Collect from cases with suspected enteroviral infections only when stool is difficult to collect, as rectal swabs are inferior to stool.

Insert a sterile swab at least 3 cm deep into the anal orifice of an adult and rotate it to ensure collection of faeces. Place the swab in a bottle of VTM, break off the swab stick and screw cap the bottle firmly.

Blood

Viruses may be isolated from leucocytes and/or plasma so send unclotted blood.
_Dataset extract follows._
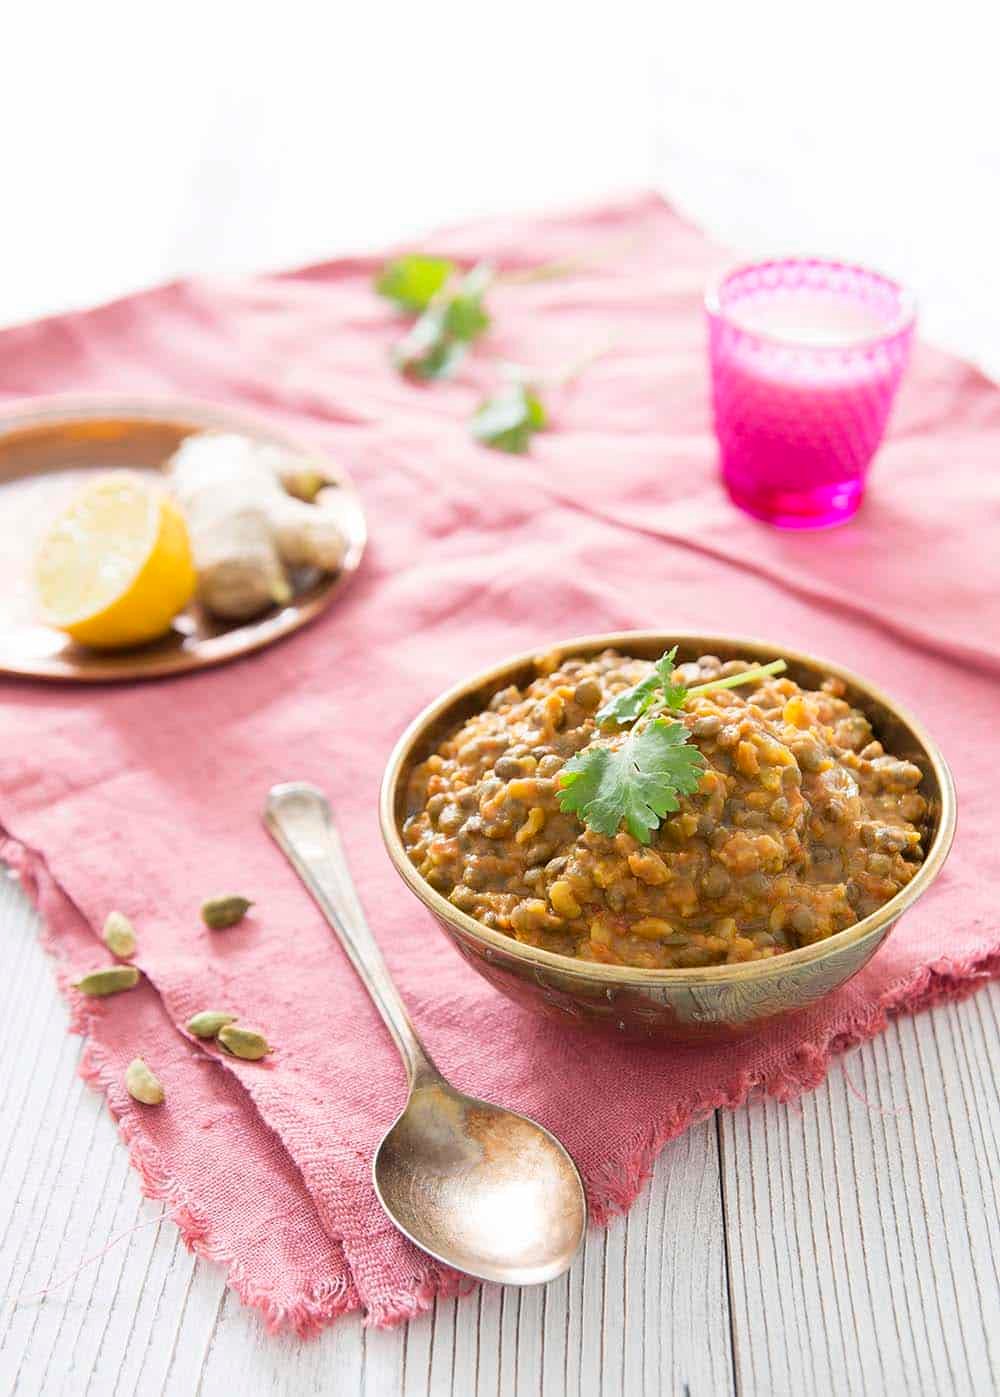 Recette haricot mungo : Curry aux pousses de haricot mungo

Collect 6 mL blood in EDTA tubes. EDTA is preferred to heparin as an anticoagulant because some viruses are inactivated by heparin.
Mix the sample gently to prevent clotting and lysis of cells.
Do not freeze the sample during transport as this will cause cell lysis.

CSF

Collect 1 – 2 mL CSF in a sterile bottle without VTM.

Effusions

Collect 3 – 4 mL of fluid in a sterile bottle without VTM.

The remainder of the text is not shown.